Socioeconomic status
In this study, ten questions on levels of education, income, employment status, ownership of mobile phones, regular watching of television, use of bank accounts and the Internet were used to measure socioeconomic status. Participants’ socioeconomic status was derived by summing up the scores accrued to each participant from the questions assessing the level of education, employment status, income, ownership of mobile phones, regular watching of television, use of bank accounts and the Internet. A total score of 10 represented the highest socioeconomic status. A score between 0 and 4 was regarded as low socioeconomic status, scores between 5 and 7 as a moderate socioeconomic status, while a score between 8 and 10 reflected high socioeconomic status.
Statistical analysis
The data analysed here were drawn from a larger study, which examined maternal outcomes in the context of free maternal health care [18]. Obtained data were coded and captured into the Statistical Package for the Social Sciences (SPSS version 24). Mean and frequency distribution of all variables of interest were computed. Chi-square statistics and Fisher’s exact test were used to examine determinants of maternal health care services utilisation. Also, adjusted and unadjusted logistic regression models were computed to examine the determinants of maternal health care services utilisation. Alpha values less than 0.05 were considered to be statistically significant.
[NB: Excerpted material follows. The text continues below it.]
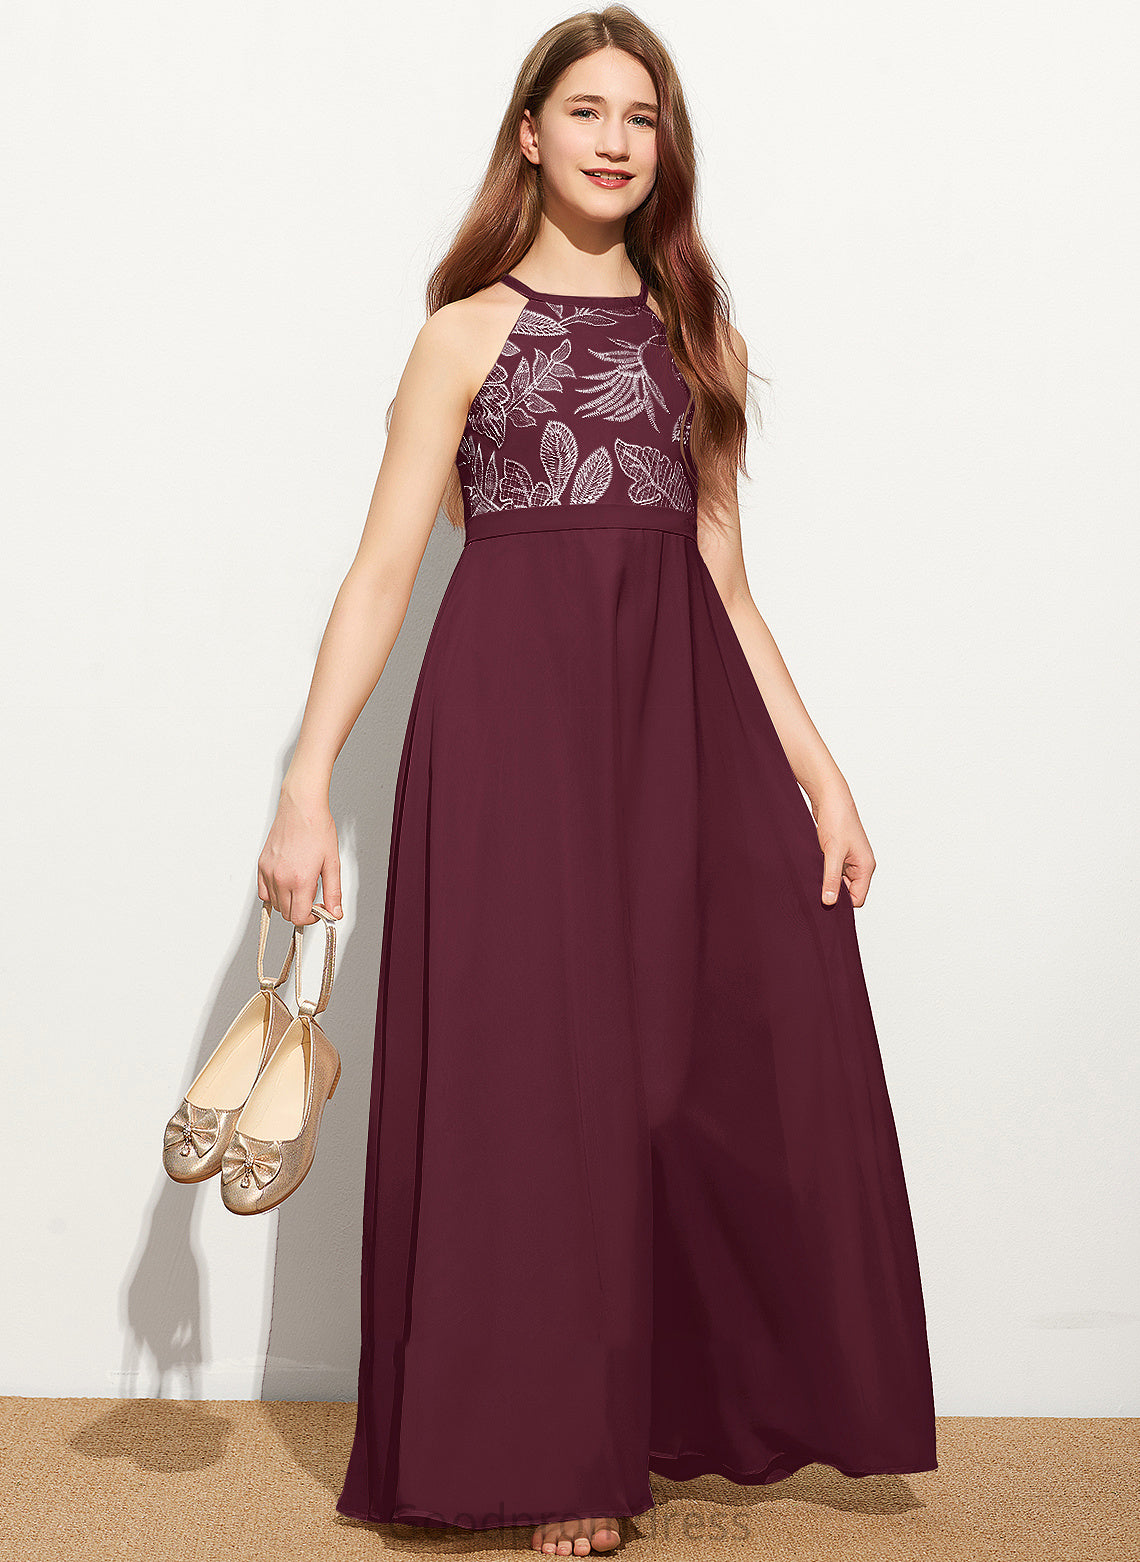 With Chiffon Lace Junior Bridesmaid Dresses A-Line Bow(s) Maeve Floor-Length Neck Scoop

To account for the complex sampling strategy, sampling weight was applied, and analysis was performed using the complex sample feature of SPSS.
Ethical considerations
The University of Fort Hare’s Research Ethical Committee (UREC) approved the study protocol (AKP031SAJA01). Furthermore, the Ondo State Health Research Ethics Committee (OSHREC) reviewed and approved the study protocol [NHREC/18/08/2016]. Community leaders and household heads in the study settings granted the researchers permission to conduct the study. Participation was voluntary, and all study participants signed written informed consent. Rights to privacy and anonymity were respected throughout the study. Parent consent and assent were obtained for the inclusion of a few respondents less than 18 years in the DHS data.